Maar het liefst van al is ze uren bezig aan de tekentafel. “Tekenen is erg belangrijk voor mij. Het is extreem intuïtief, ik werk heel snel, en er kunnen zich bijgevolg heel wat ongelukjes voordoen. Maar dat is goed, want dat laat me toe om andere dingen te ontdekken. Textiel en tapijten daarentegen zijn veel meer meditatief. Ze vereisen meer tijd en verplichten me om te blijven zitten en de tijd ervoor te nemen. Wanneer je garens ordent, orden je als het ware ook je hoofd. Ik hou echt van de fysieke kant van het werk. Maar er is niet één specialiteit die in mijn werk domineert. Het leukste is dat ze mooi zouden co-existeren, maar eerlijk : het blijft voorlopig bij probeersels, ik vind niet dat ik er al in geslaagd ben om ze in elkaar te laten smelten.” Die bescheidenheid was niet nodig, want volgens Loïc Gaume is haar werk buitengewoon in alle opzichten. “Ze was niet altijd even goed op de hoogte van de mode en van tendensen, maar dat maakt haar werk net zo sterk. Vaak worden kunstenaars geïnspireerd door anderen, maar bij haar kwam het echt van binnen uit. Het was allemaal heel persoonlijk. Dat is zeldzaam. Haar stijl is anders dat die van anderen, moeilijk te omschrijven ook – het heeft iets magisch. In Brussel was ze een begrip in het milieu, het verbaast me niet dat ze ook in het buitenland bekend was. We zijn echt ondersteboven van haar dood : het is al erg dat ze vroeg gestorven is en dat het op zo’n manier moest gebeuren, maakt het alleen nog erger.”

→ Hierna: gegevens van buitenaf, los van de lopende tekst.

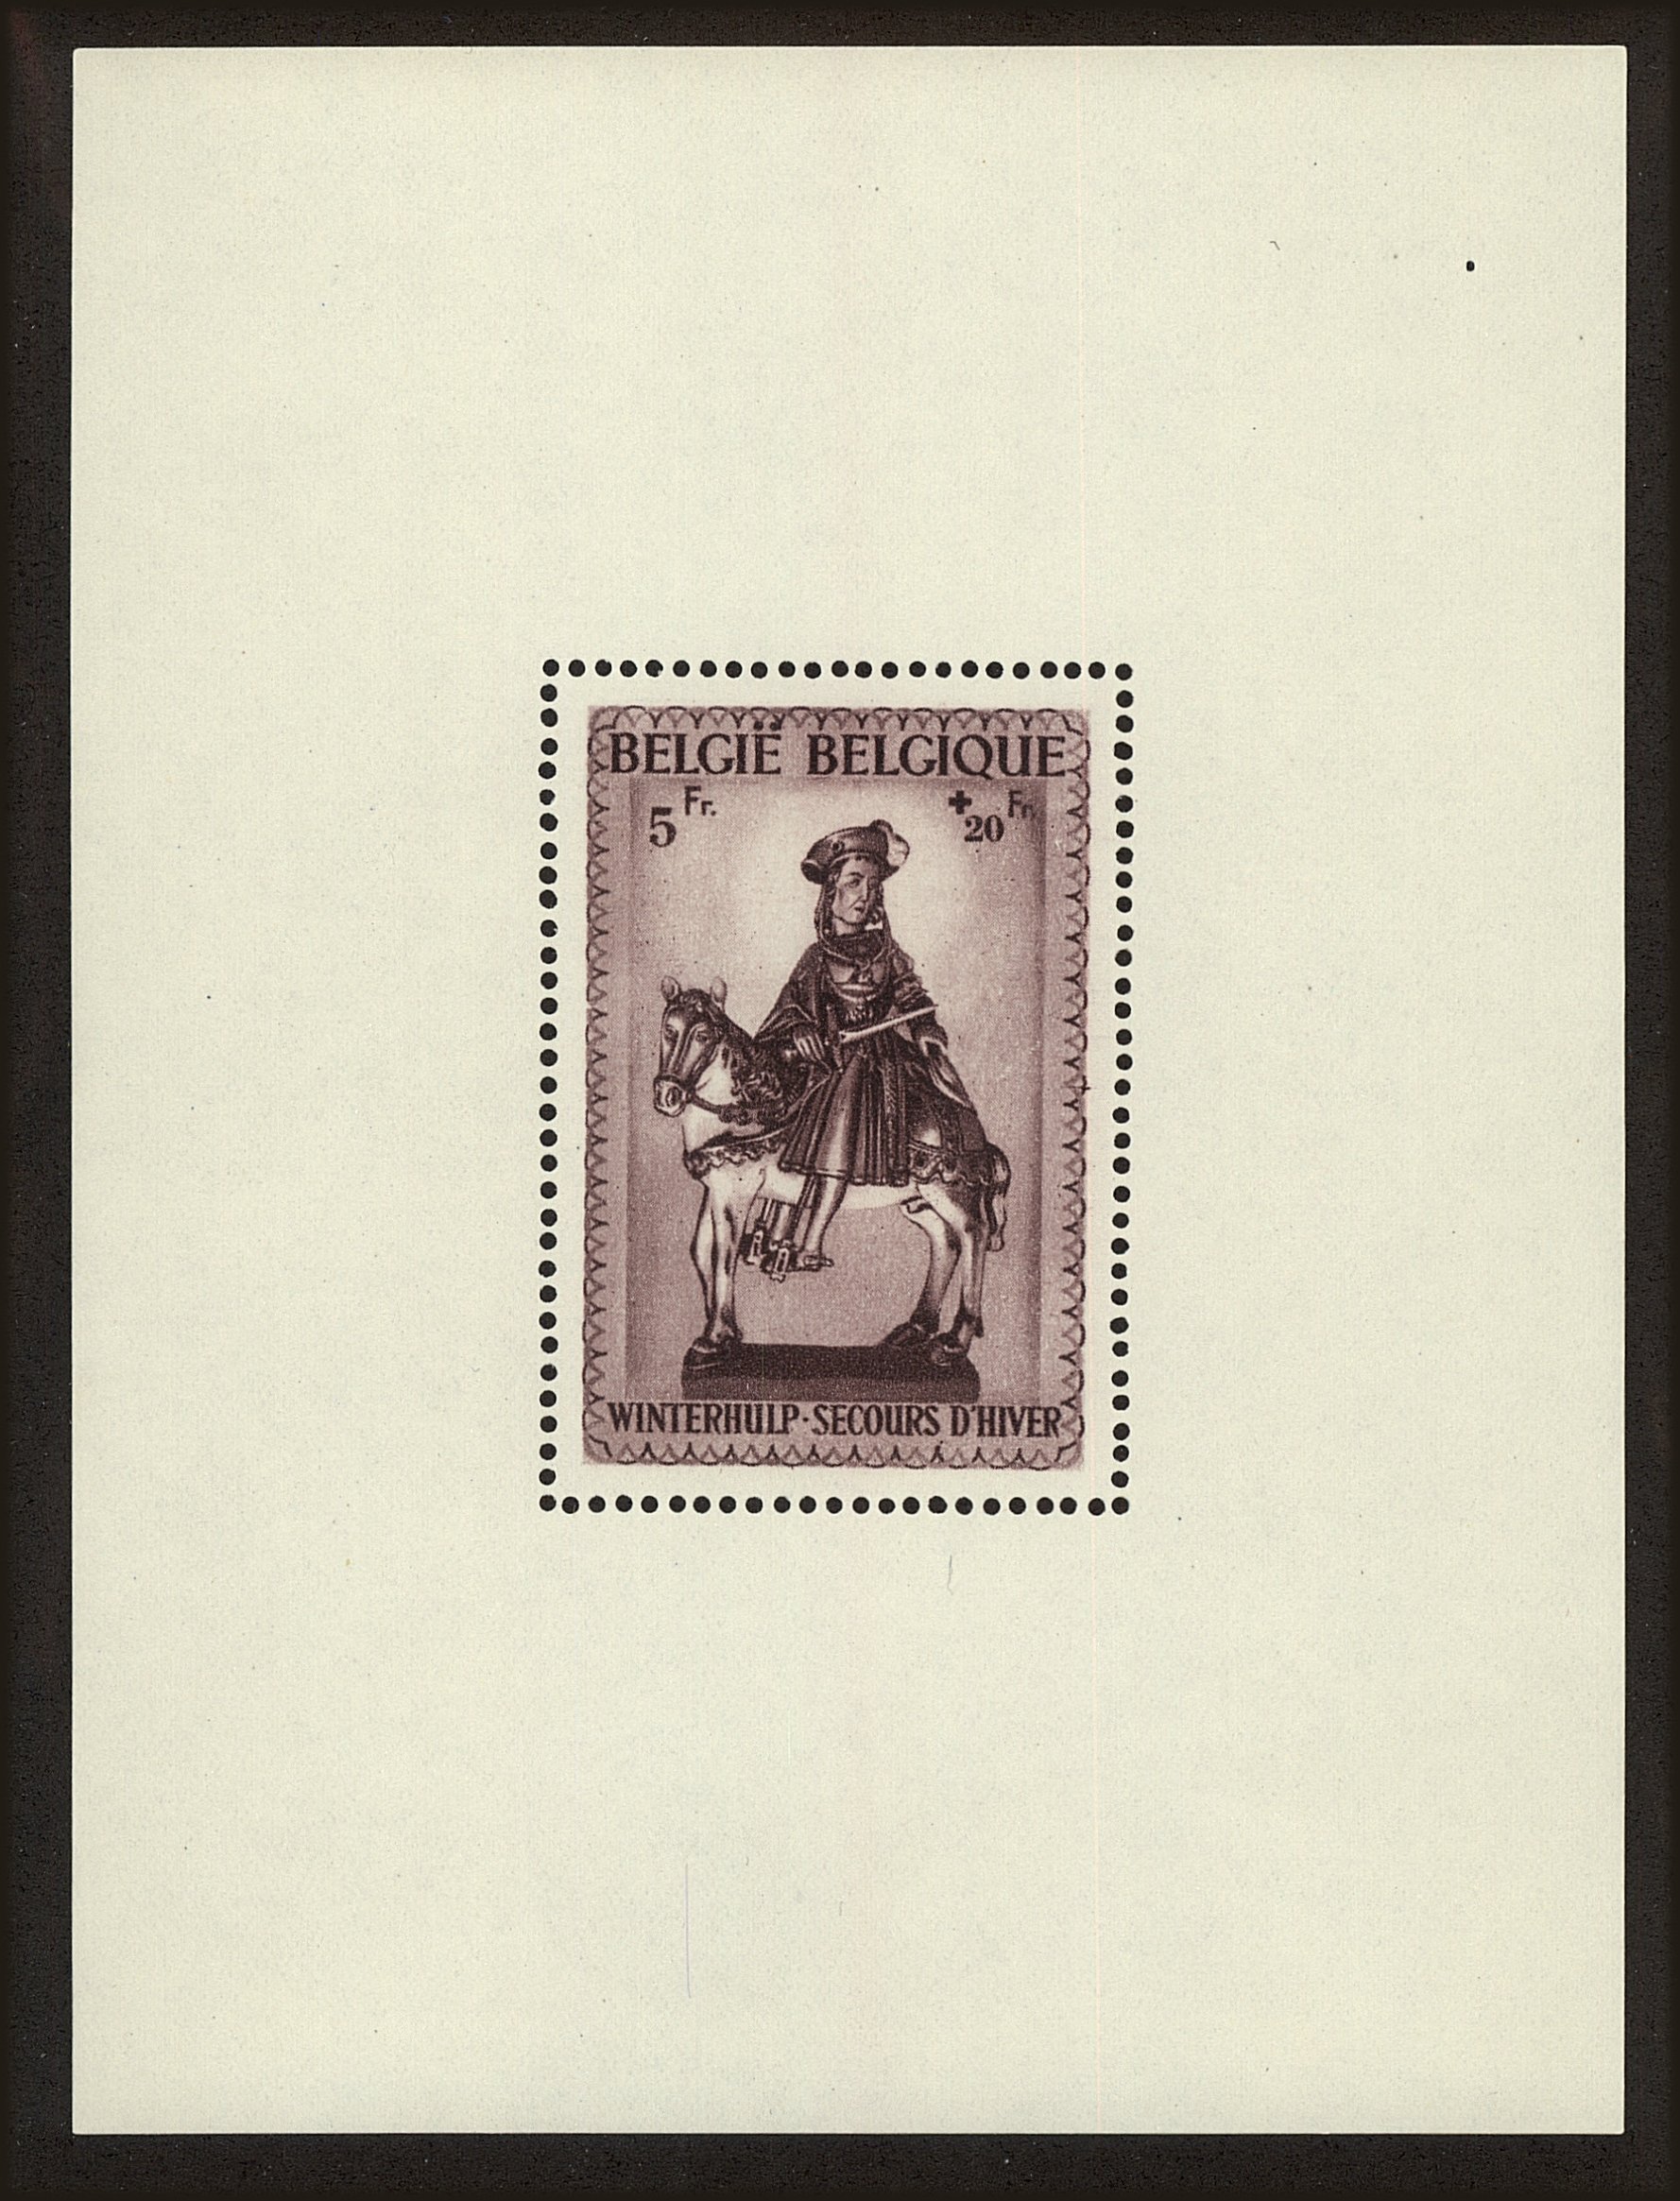 Front view of Belgium B315 collectors stamp

Het laatste woord is voor haar partner, Louis Vanardois. “Mijn ontmoeting met My was een scharnierpunt in mijn leven”, vertelde hij in Le Monde. “Ze heeft me de sleutels aangereikt om gelukkig te worden. Als ik aan haar denk, denk ik aan de liefde in haar ogen. Die liefde heeft me overhoop gegooid en is nu een gids in mijn leven. Daar ben ik haar eeuwig dankbaar om.”